(Data under study):
------------------------------------------------------------------------
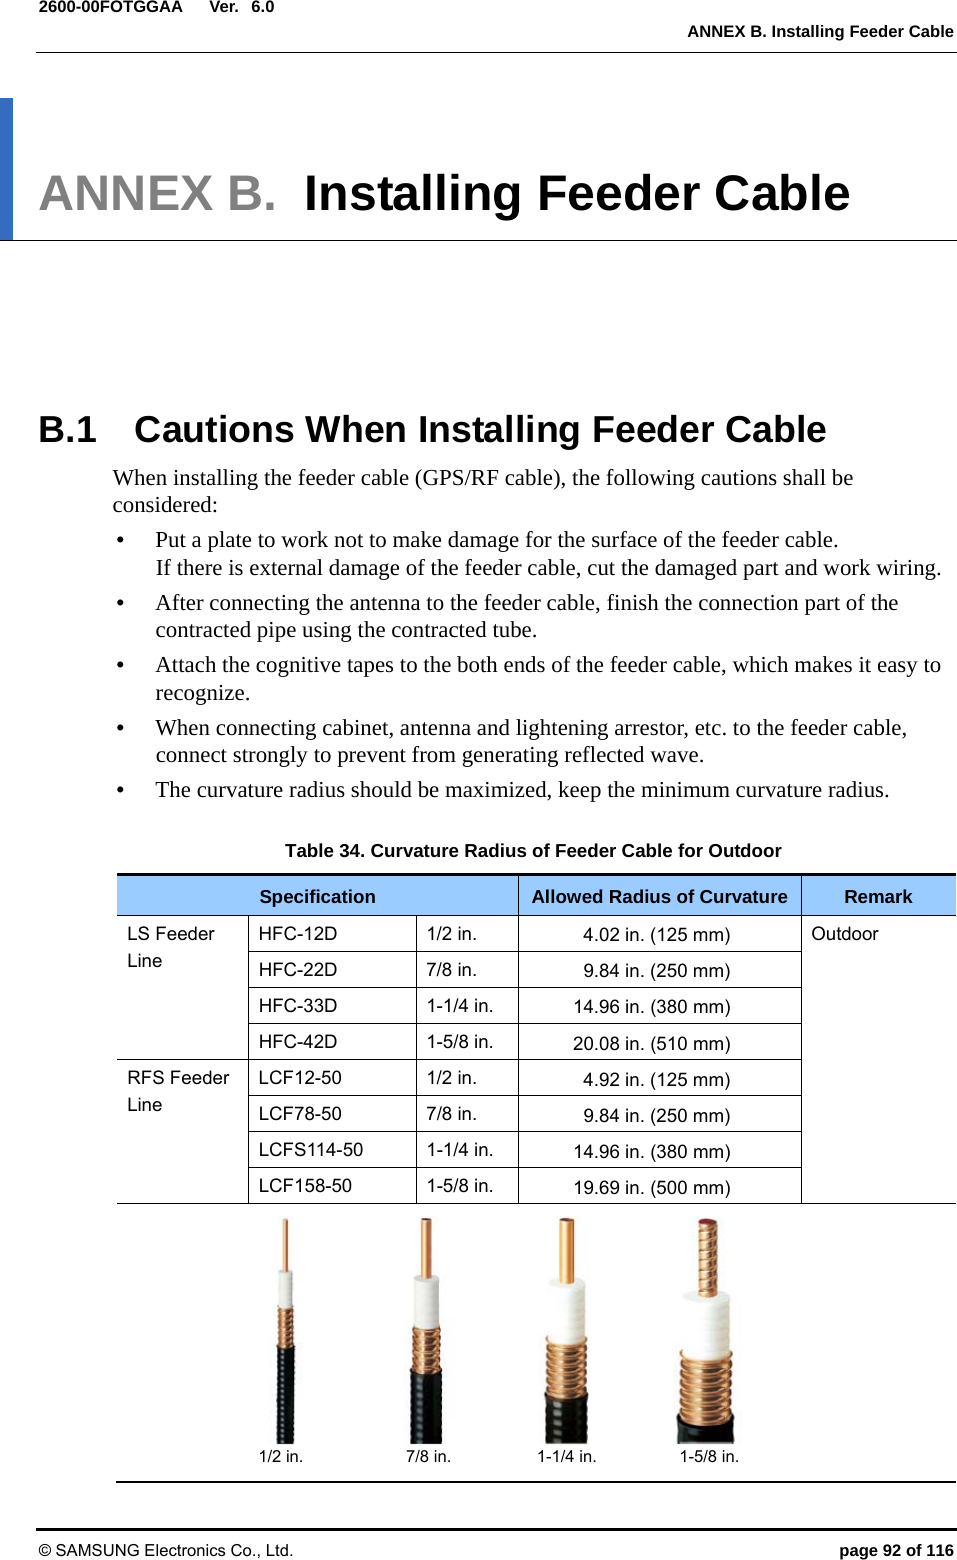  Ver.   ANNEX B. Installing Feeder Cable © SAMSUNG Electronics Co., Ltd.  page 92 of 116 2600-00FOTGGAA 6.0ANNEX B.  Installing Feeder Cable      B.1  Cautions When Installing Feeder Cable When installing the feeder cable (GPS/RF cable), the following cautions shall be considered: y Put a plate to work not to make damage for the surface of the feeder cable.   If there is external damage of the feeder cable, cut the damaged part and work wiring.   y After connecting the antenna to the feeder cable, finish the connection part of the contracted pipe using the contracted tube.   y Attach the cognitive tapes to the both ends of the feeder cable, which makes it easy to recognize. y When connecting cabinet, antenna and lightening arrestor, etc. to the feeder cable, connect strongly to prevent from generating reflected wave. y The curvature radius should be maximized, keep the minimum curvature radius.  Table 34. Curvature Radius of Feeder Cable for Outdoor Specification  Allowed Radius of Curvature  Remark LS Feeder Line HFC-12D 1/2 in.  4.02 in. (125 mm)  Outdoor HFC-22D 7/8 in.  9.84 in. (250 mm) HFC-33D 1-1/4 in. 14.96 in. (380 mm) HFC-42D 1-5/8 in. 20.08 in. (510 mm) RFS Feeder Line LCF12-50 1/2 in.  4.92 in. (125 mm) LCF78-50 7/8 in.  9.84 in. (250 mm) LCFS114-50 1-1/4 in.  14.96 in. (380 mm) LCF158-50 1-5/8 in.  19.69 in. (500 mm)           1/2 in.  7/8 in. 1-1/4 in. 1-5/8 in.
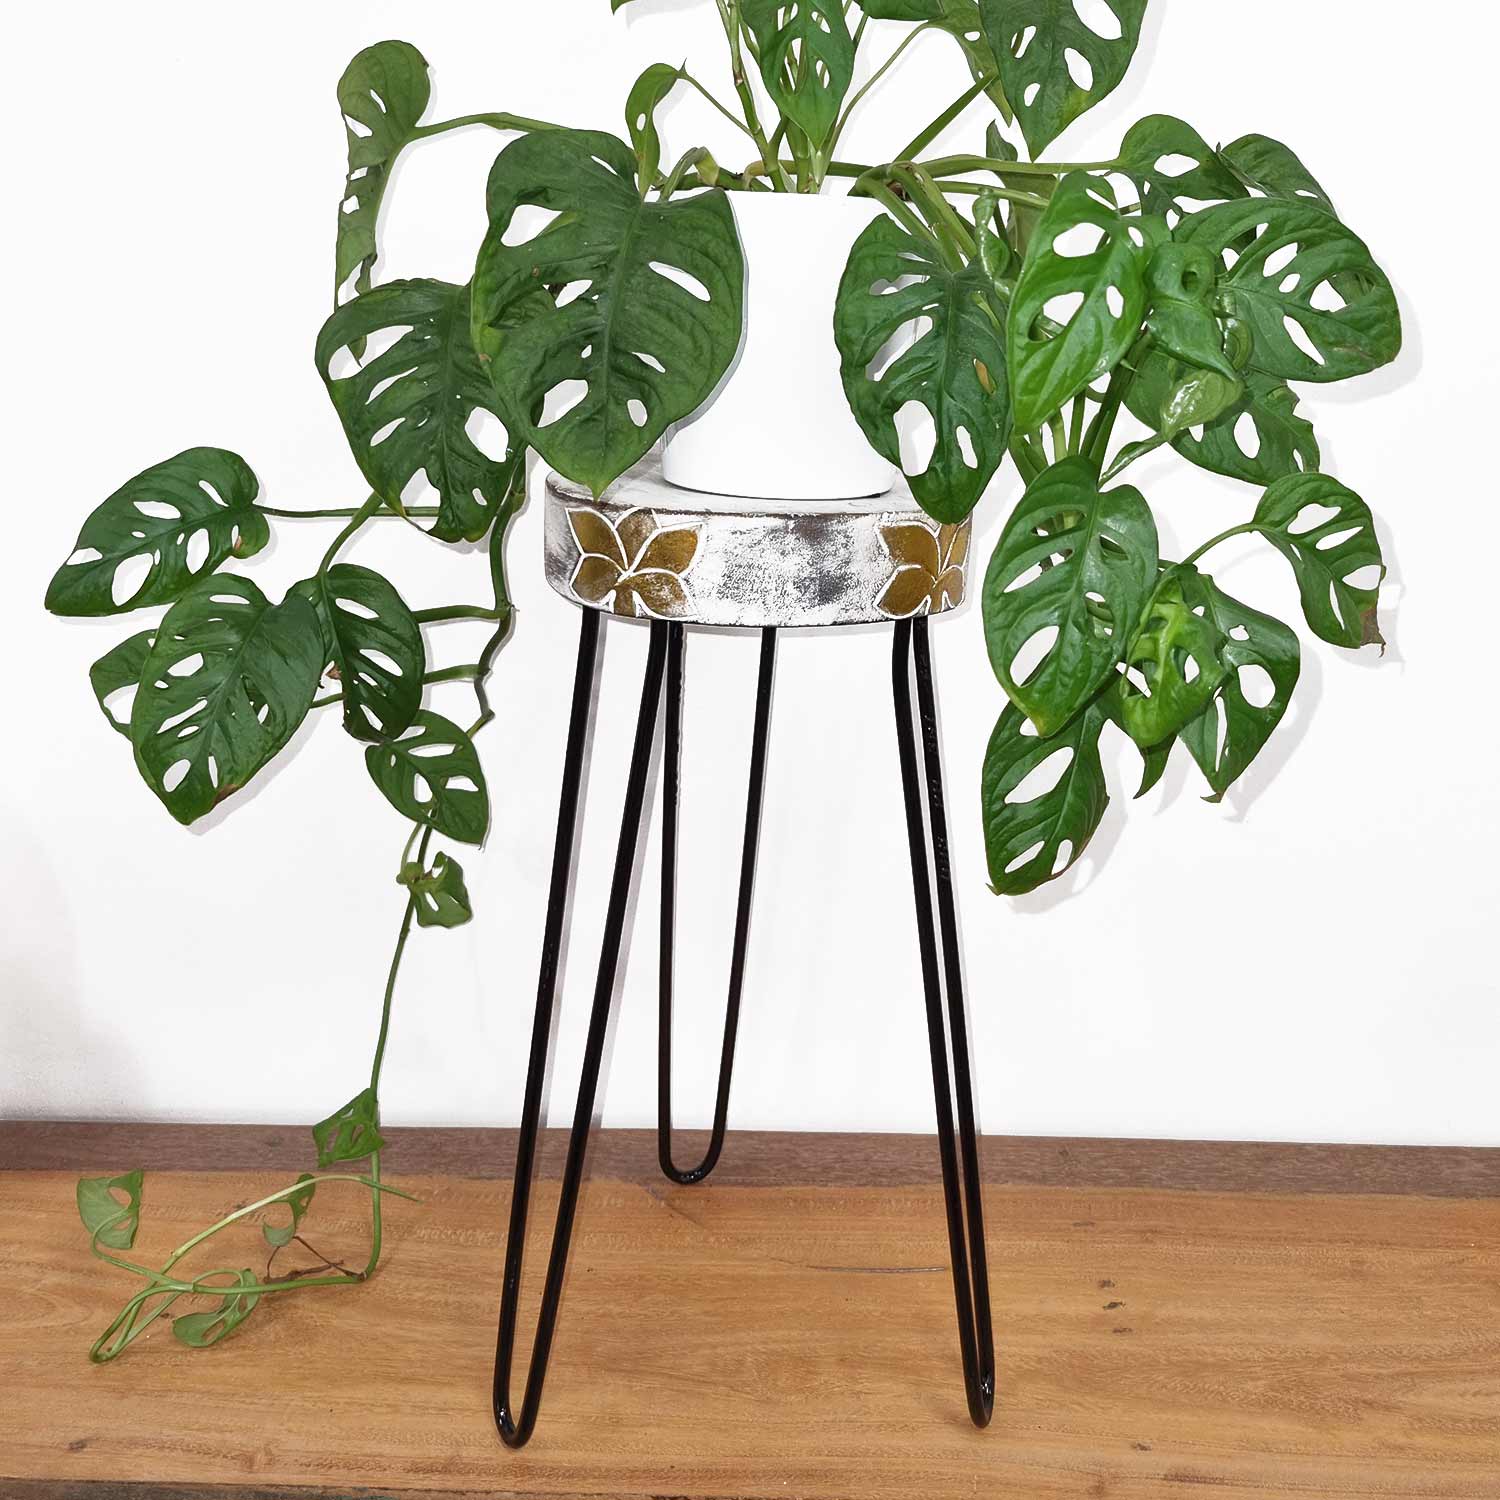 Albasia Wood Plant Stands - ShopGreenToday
------------------------------------------------------------------------
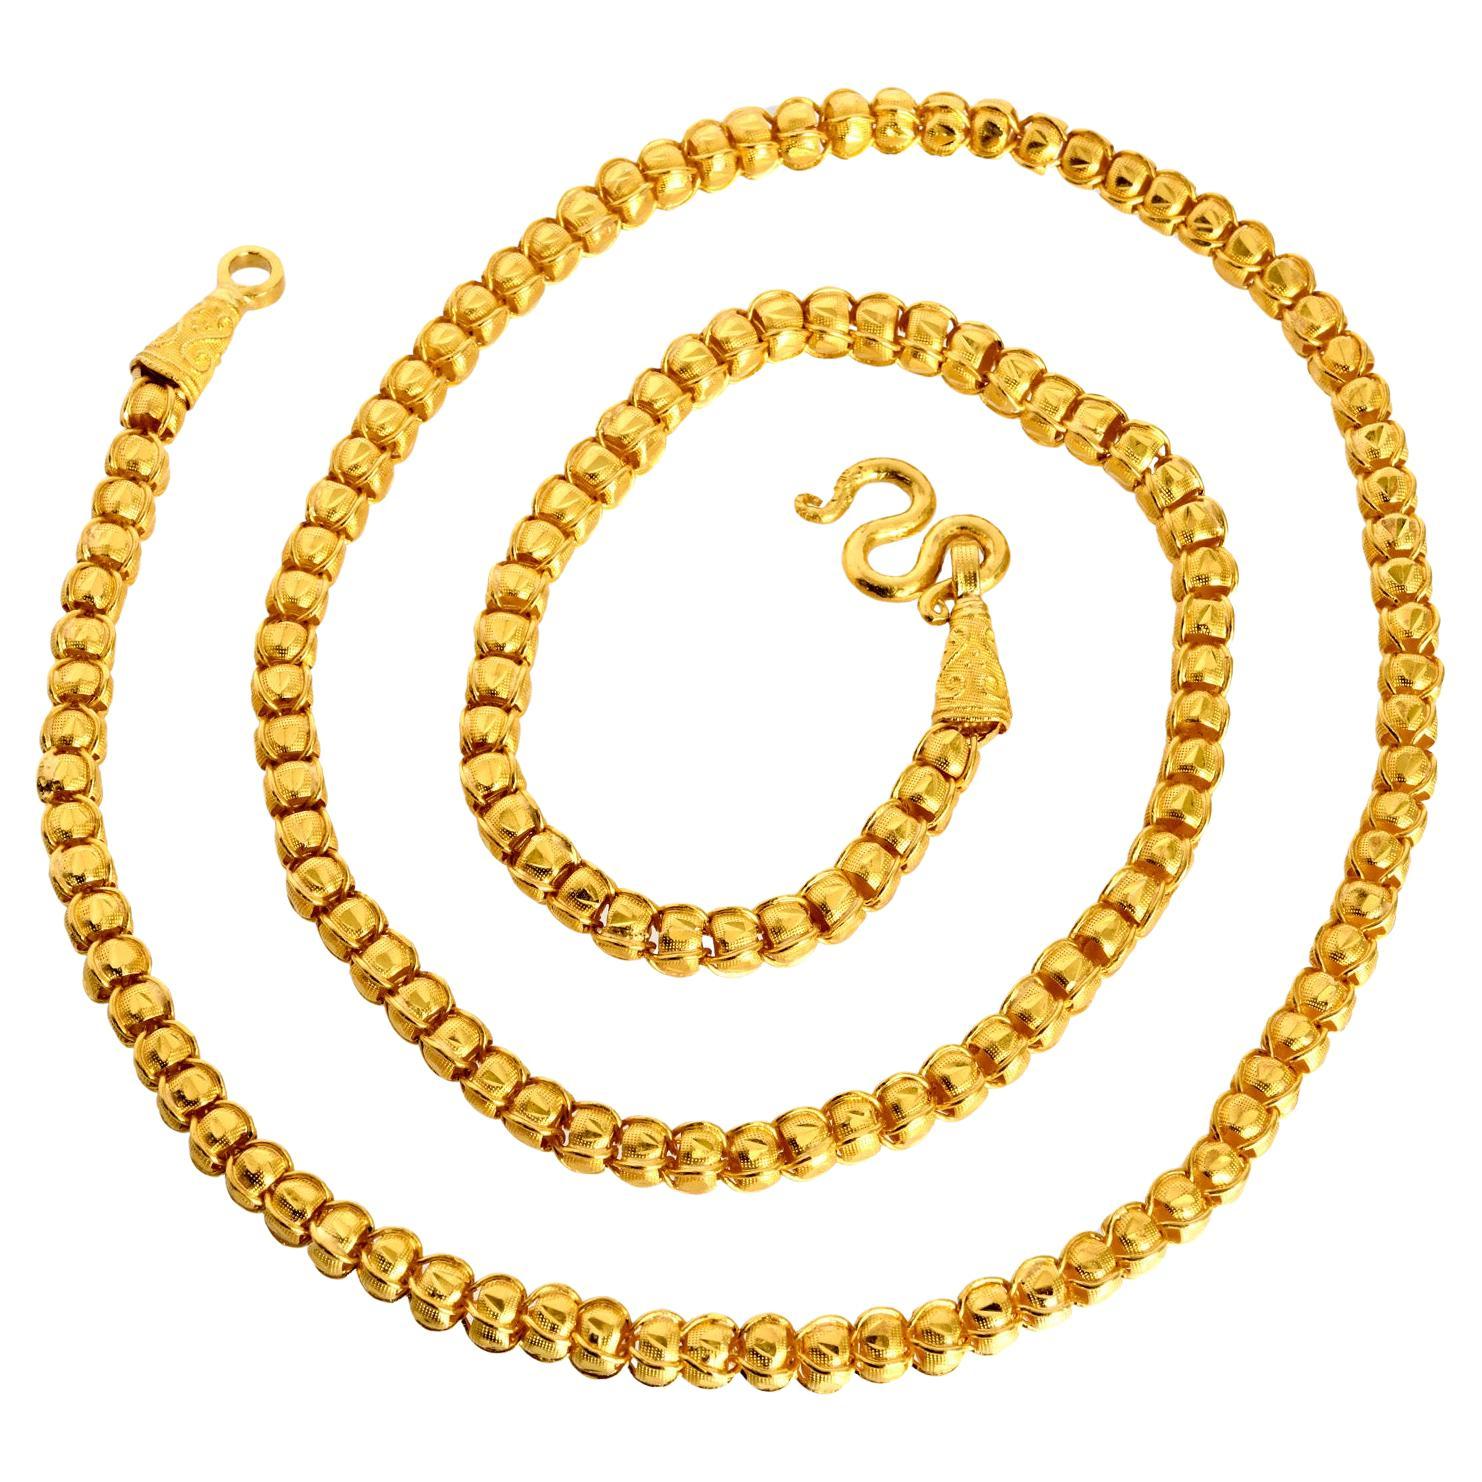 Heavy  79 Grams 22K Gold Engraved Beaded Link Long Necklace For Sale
------------------------------------------------------------------------
(Work request):
Transcribe exactly the lines above, beginning at the one with "in. 1-5/8 in." and going up to and including the one with "Albasia Wood Plant Stands - ShopGreenToday". Pictures do not belong in the copy.

(Completed task):
  Ver.   ANNEX B. Installing Feeder Cable © SAMSUNG Electronics Co., Ltd.  page 92 of 116 2600-00FOTGGAA 6.0ANNEX B.  Installing Feeder Cable      B.1  Cautions When Installing Feeder Cable When installing the feeder cable (GPS/RF cable), the following cautions shall be considered: y Put a plate to work not to make damage for the surface of the feeder cable.   If there is external damage of the feeder cable, cut the damaged part and work wiring.   y After connecting the antenna to the feeder cable, finish the connection part of the contracted pipe using the contracted tube.   y Attach the cognitive tapes to the both ends of the feeder cable, which makes it easy to recognize. y When connecting cabinet, antenna and lightening arrestor, etc. to the feeder cable, connect strongly to prevent from generating reflected wave. y The curvature radius should be maximized, keep the minimum curvature radius.  Table 34. Curvature Radius of Feeder Cable for Outdoor Specification  Allowed Radius of Curvature  Remark LS Feeder Line HFC-12D 1/2 in.  4.02 in. (125 mm)  Outdoor HFC-22D 7/8 in.  9.84 in. (250 mm) HFC-33D 1-1/4 in. 14.96 in. (380 mm) HFC-42D 1-5/8 in. 20.08 in. (510 mm) RFS Feeder Line LCF12-50 1/2 in.  4.92 in. (125 mm) LCF78-50 7/8 in.  9.84 in. (250 mm) LCFS114-50 1-1/4 in.  14.96 in. (380 mm) LCF158-50 1-5/8 in.  19.69 in. (500 mm)           1/2 in.  7/8 in. 1-1/4 in. 1-5/8 in.
 Albasia Wood Plant Stands - ShopGreenToday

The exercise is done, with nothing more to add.